Answer:
29.47 g of AlCl₃.
Explanation:
We'll begin by writing the balanced equation for the reaction. This is illustrated below:
2Al + 3Cl₂ —> 2AlCl₃
Next, we shall determine the mass of Al that reacted and the mass of AlCl₃ produced from the balanced equation. This can be obtained as follow:
Molar mass of Al = 27 g/mol
Mass of Al from the balanced equation = 2 × 27 = 54 g
Molar mass of AlCl₃ = 27 + (35.5× 3)
= 27 + 106.5
= 133.5 g/mol
Mass of AlCl₃ from the balanced equation = 2 × 133.5 = 267 g
SUMMARY:
From the balanced equation above,
54 g of Al reacted to produce 267 g of AlCl₃.

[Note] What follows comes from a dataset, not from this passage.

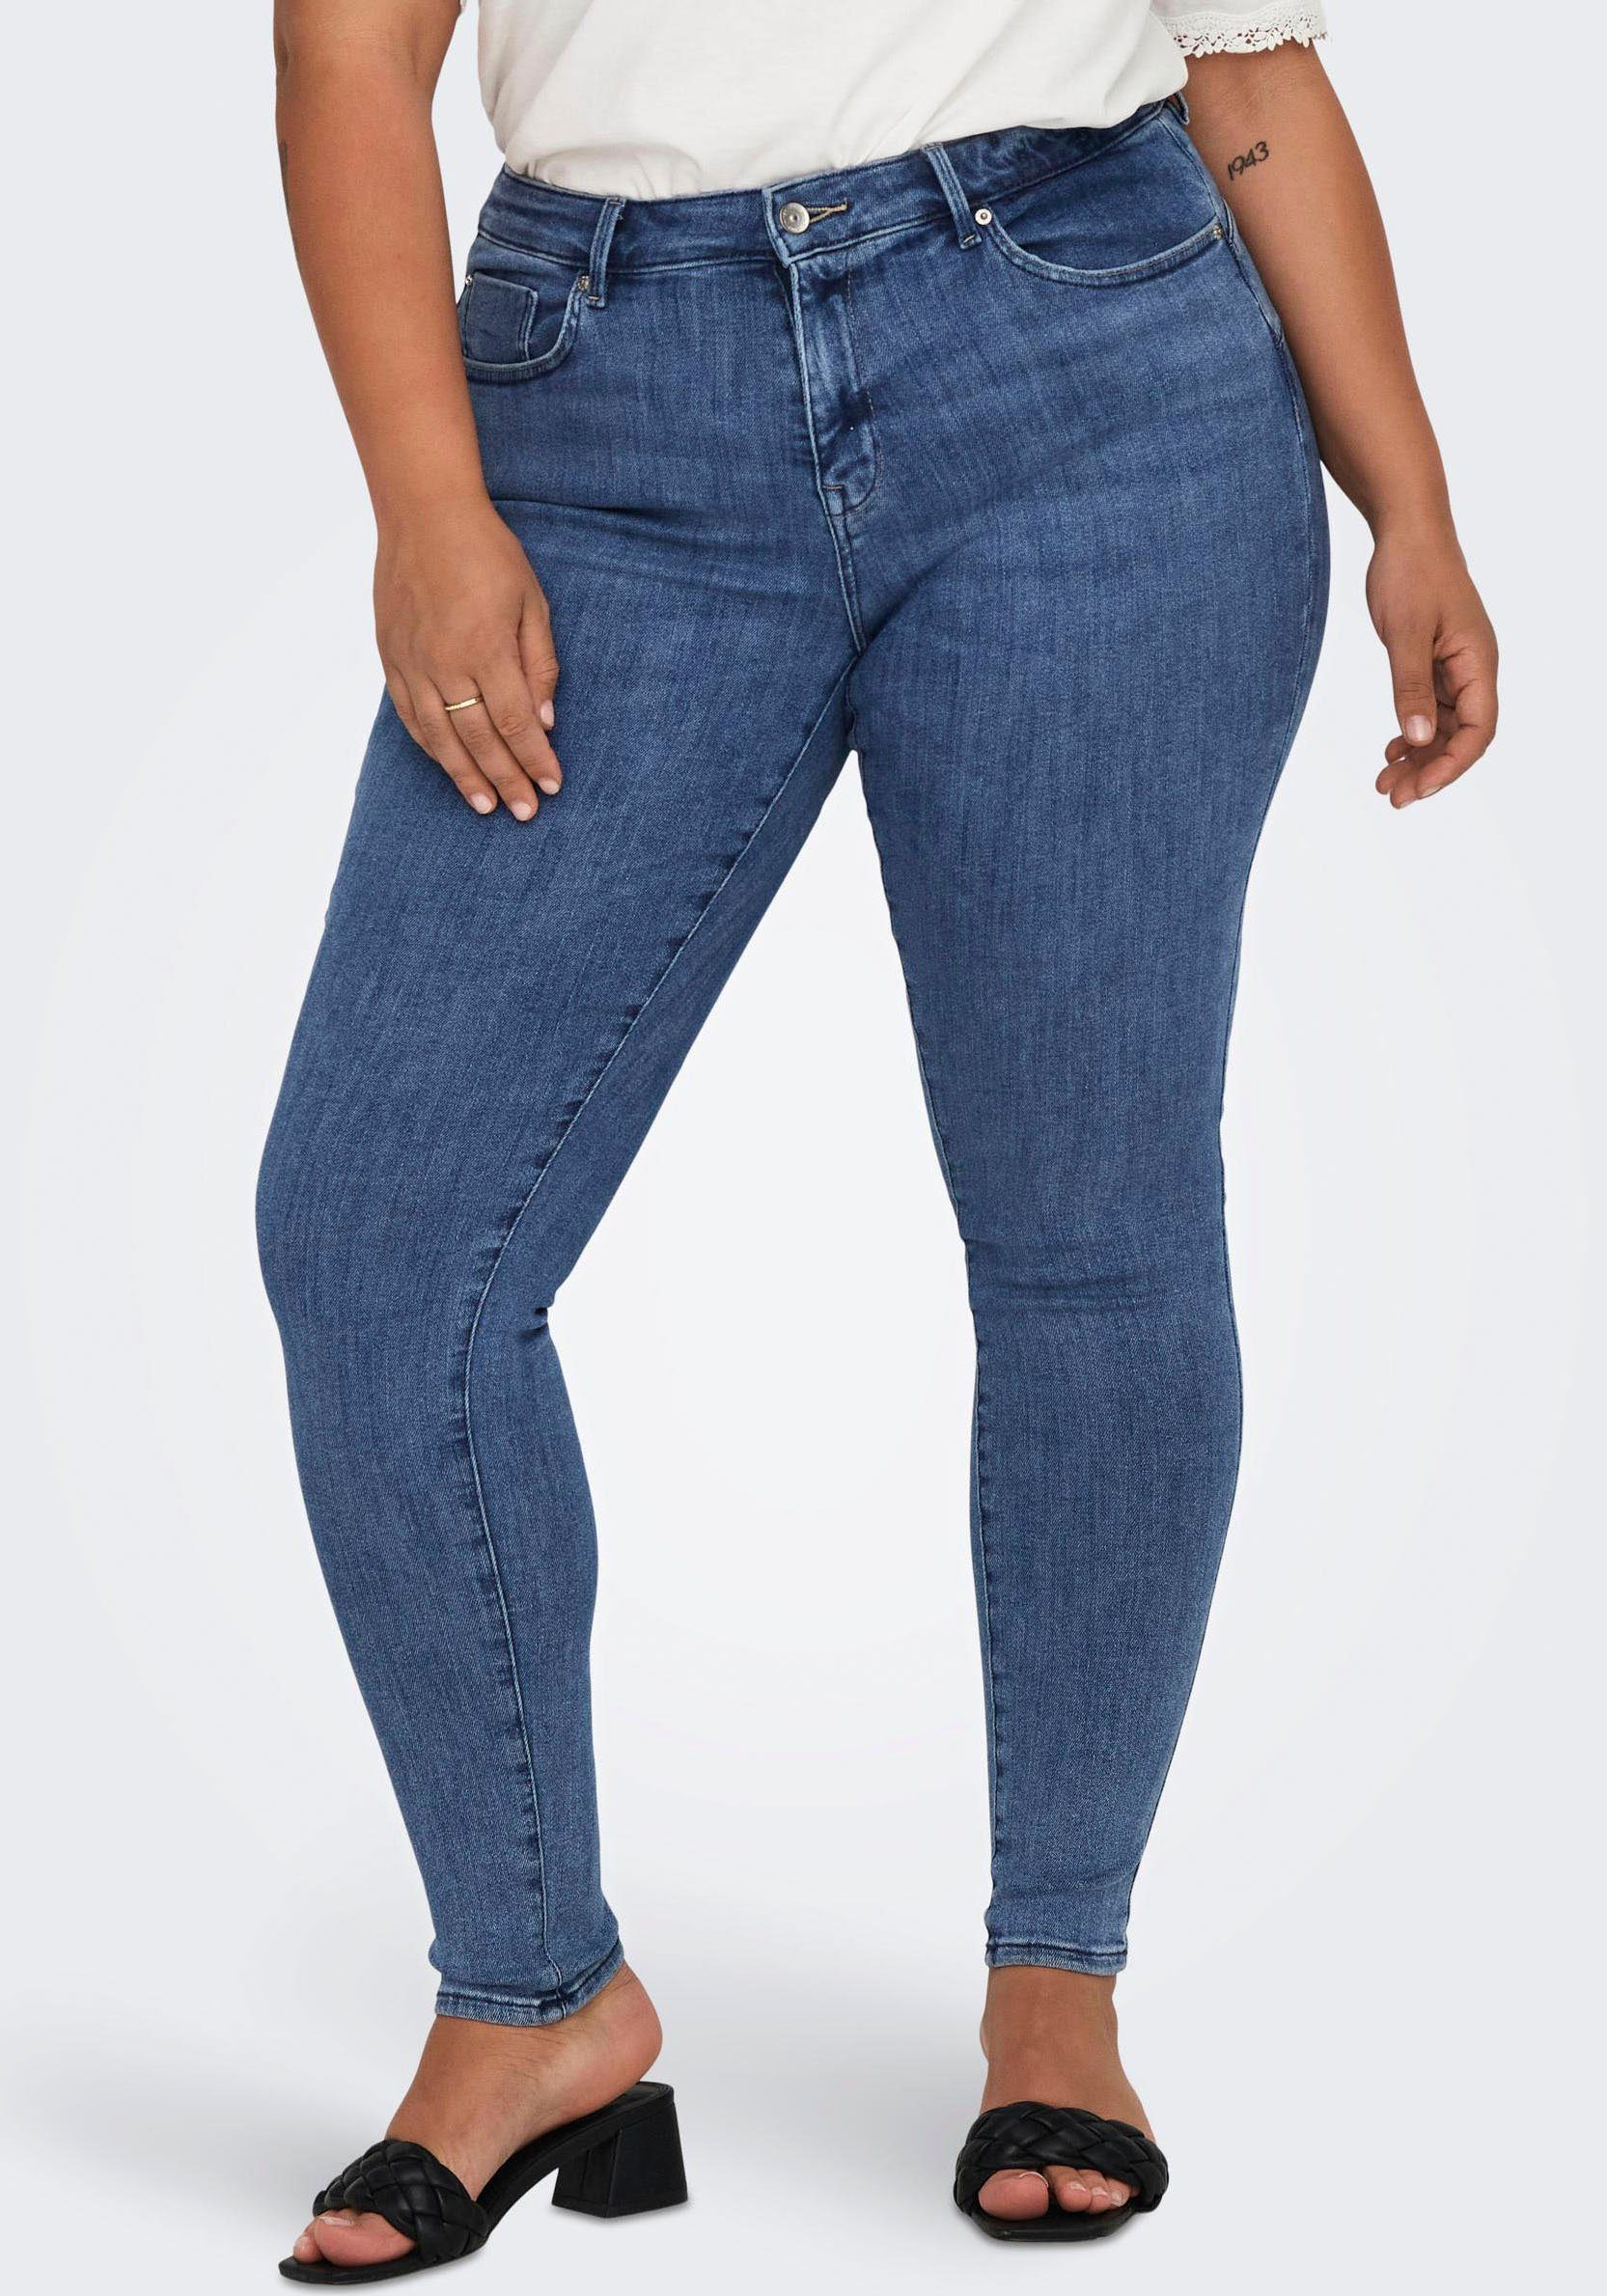 ONLY CARMAKOMA REA2981 SKINNY CARMAKOMA NOOS, Skinny von Curvy CARPOWER ONLY Skinny-fit-Jeans PUSH UP Fit MID Jeans
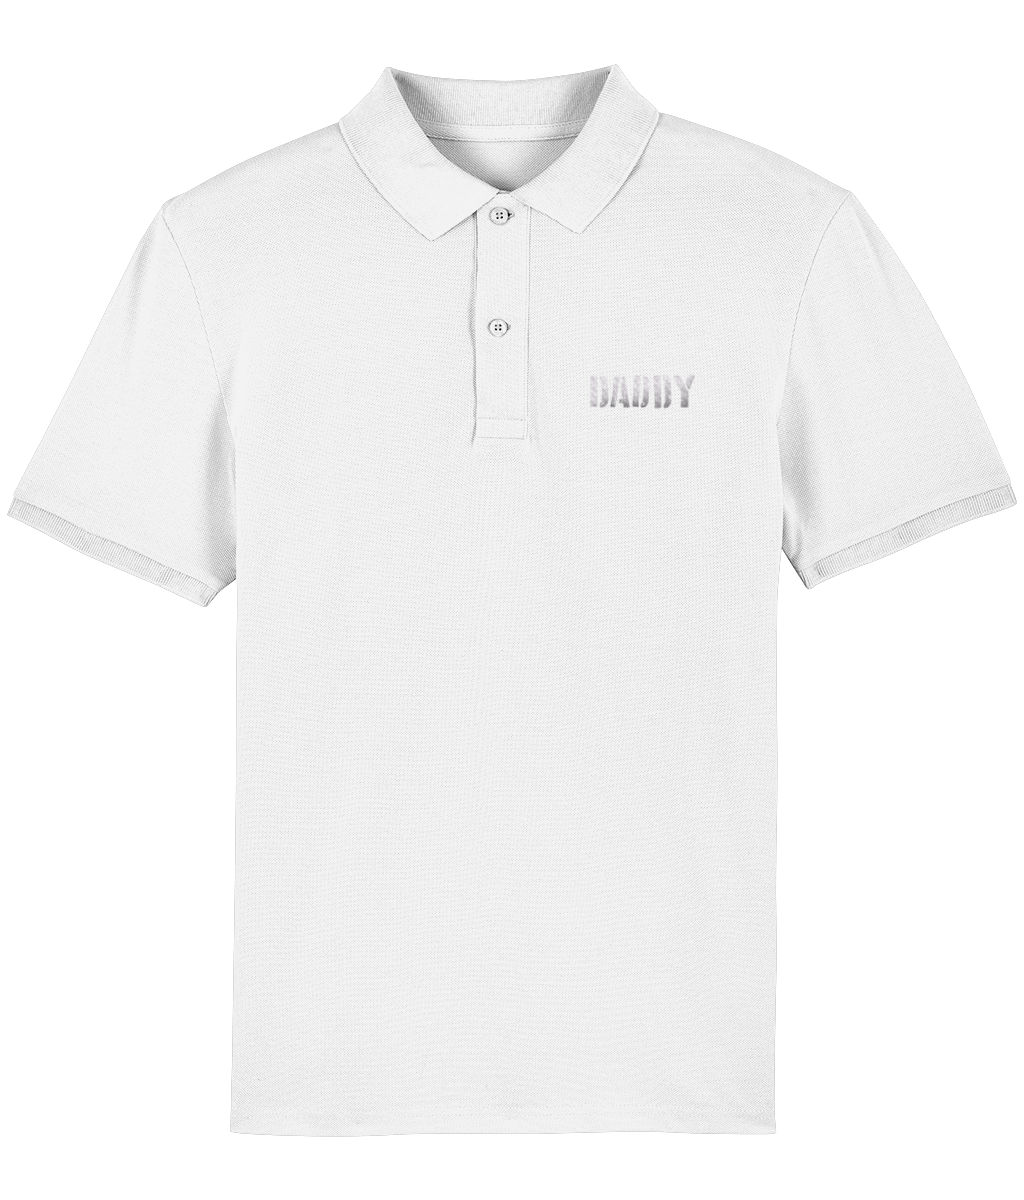 Daddy Organic Cotton Embroidered Polo Shirt

Finally, we shall determine the mass of AlCl₃ produced by the reaction of 5.96 g of Al. This can be obtained as follow:
From the balanced equation above,
54 g of Al reacted to produce 267 g of AlCl₃.
Therefore, 5.96 g of Al will react to produce = (5.96 × 267)/54 = 29.47 g of AlCl₃.
Thus, 29.47 g of AlCl₃ were obtained from the reaction.